You can use SentinelOne's platform to ingest security data from a wide variety of sources and get a holistic view of your organization's security posture. You can use SentinelOne's EDR capabilities to collect data from system logs, user activities, and file modifications. The ingested data is normalized by using the Open Cybersecurity Schema Framework (OCSF) standard.
SentinelOne's unified console can generate customizable dashboards for real-time reporting and deeper visibility. You can save queries for easier access and search through your aggregated data. Singularity™ Cloud Funnel lets you stream your XDR data directly into your customers' storage buckets and use it for external use cases.
You can also ingest and clean up data for analysis and actionable business intelligence by using SentinelOne's AI-SIEM solution. It's great for real-time data streaming and correlates data with your other security logs.
Conclusion
Data aggregation can steer your business in the right direction when done right. Don't neglect its importance because the future depends on it. Without high-quality data, you cannot make important decisions and that's the first step to doing anything within the organization. If you'd like some help with your data aggregation journey and need assistance, you can reach out to SentinelOne today.
Data Aggregation FAQs
Aggregated data is that data has been collected from many different locations and converted into a summarized form. Normally, it manifests itself at a higher level, such as totals, averages, or percentages, and not as single data points.

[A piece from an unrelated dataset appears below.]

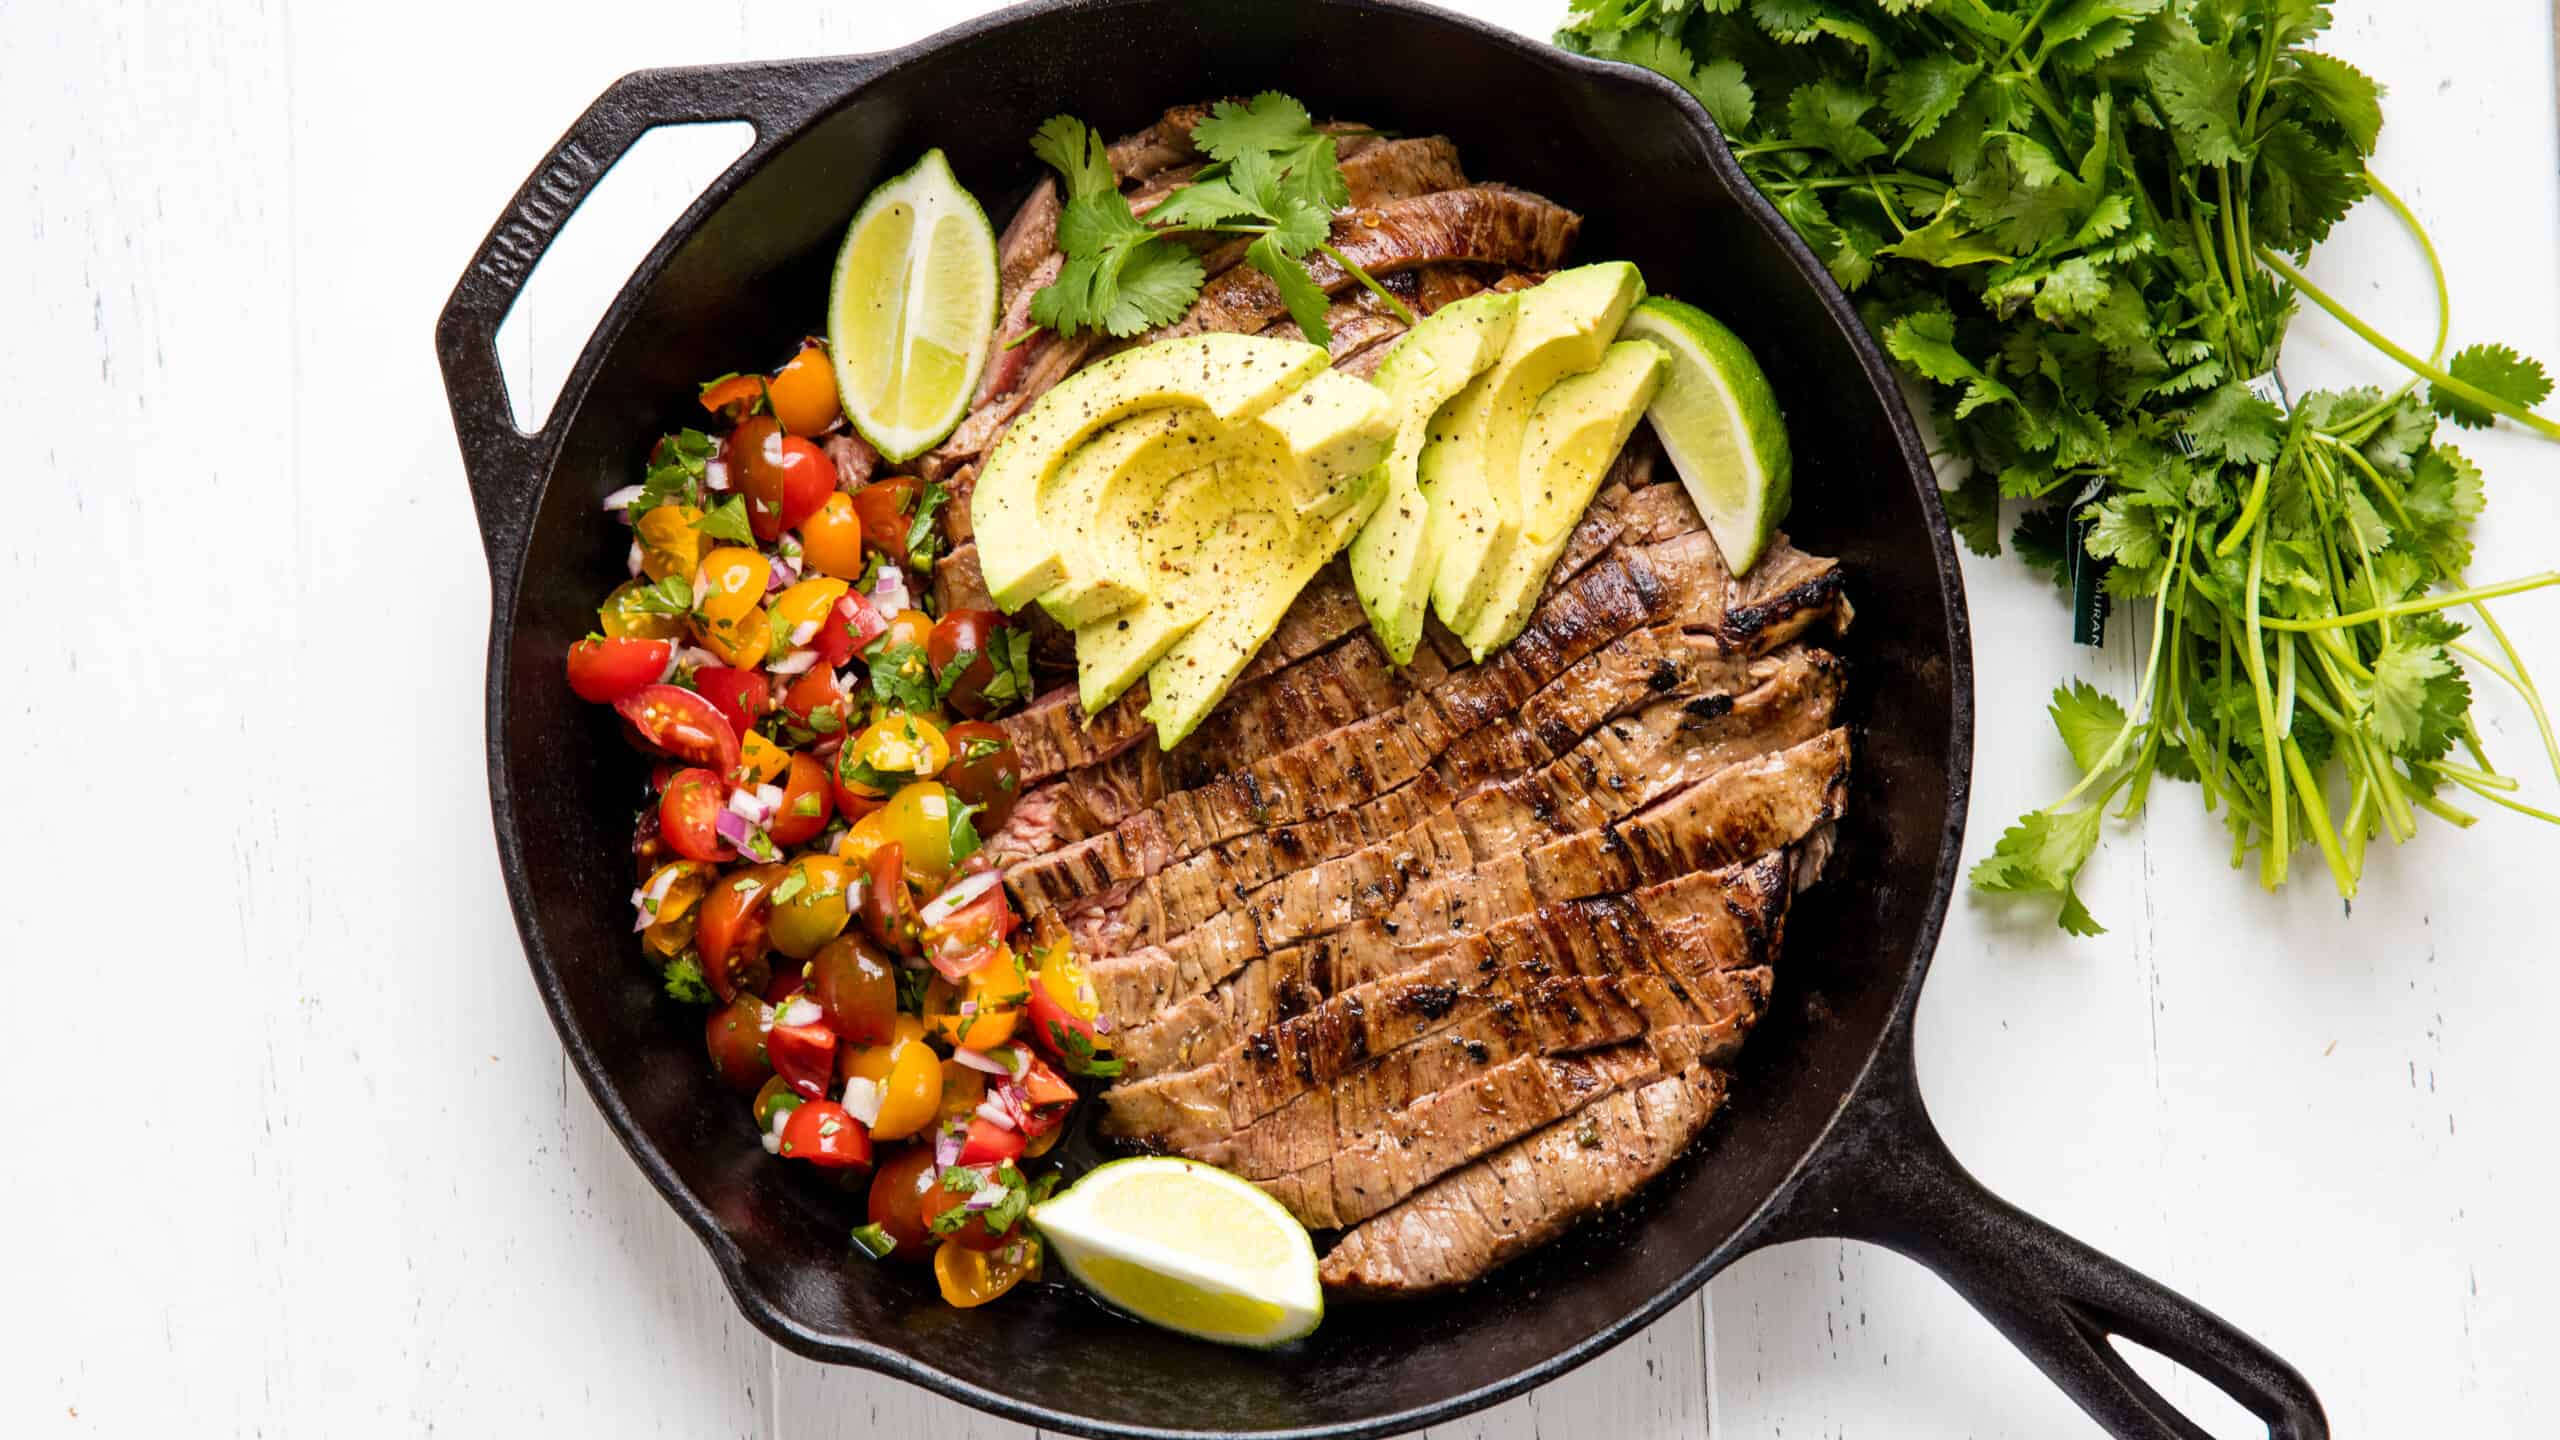 https://thestayathomechef.com/wp-content/uploads/2020/04/Mexican-Skillet-Steak-21-scaled.jpg
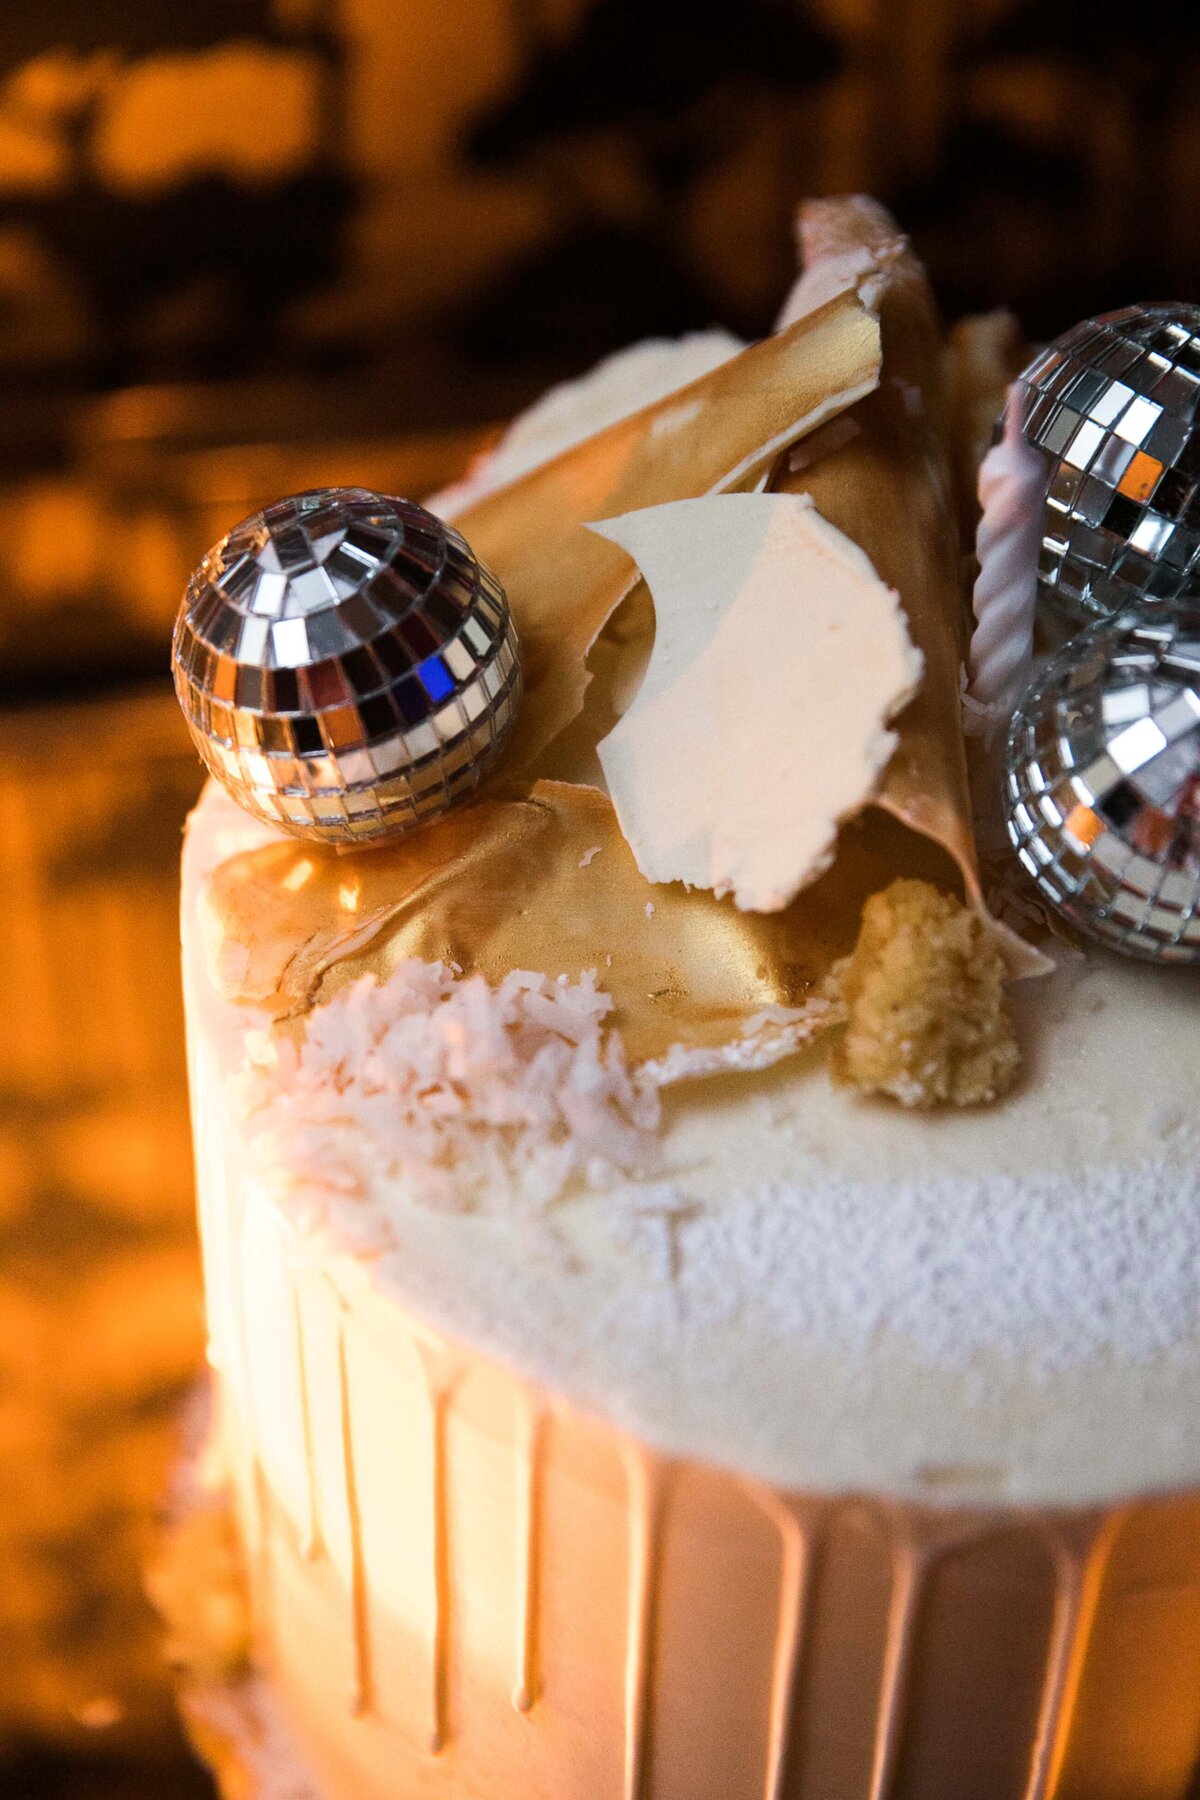 Disco Balls on Birthday Cake

Data aggregators are companies or tools that specialize in collecting, processing, and combining data from several sources. They can play a cardinal role in providing consolidated datasets for businesses and researchers.
Basically, data aggregation in cybersecurity is performed by collecting and analyzing data from numerous security sources that a company uses, like firewalls, intrusion detection systems, and log files, among others, so as to provide better identification of the possible existence of threats and vulnerabilities.
Data aggregation permits critical insights from multiple sources and enables the delivery of aid for decision-making. This helps an organization smoothen its operations, personalizing experiences, conducting research, optimizing processes, and adhering to regulations.
Data aggregation finds use among a variety of professionals and organizations, including:
- Business Analysts and Executives
- Data Scientists and Researchers
- Marketing professionals
- Financial institutions
- Healthcare professionals
- Government agencies
- e-commerce companies
- Social media platforms
Here are ten popular data aggregation tools—Tableau, Microsoft Power BI, Google Data Studio, Alteryx, Talend, Pentaho, RapidMiner, TIBCO Spotfire, SAS Business Intelligence, and QlikView. The choice of tool depends on specific organizational needs, data sources, and technical requirements.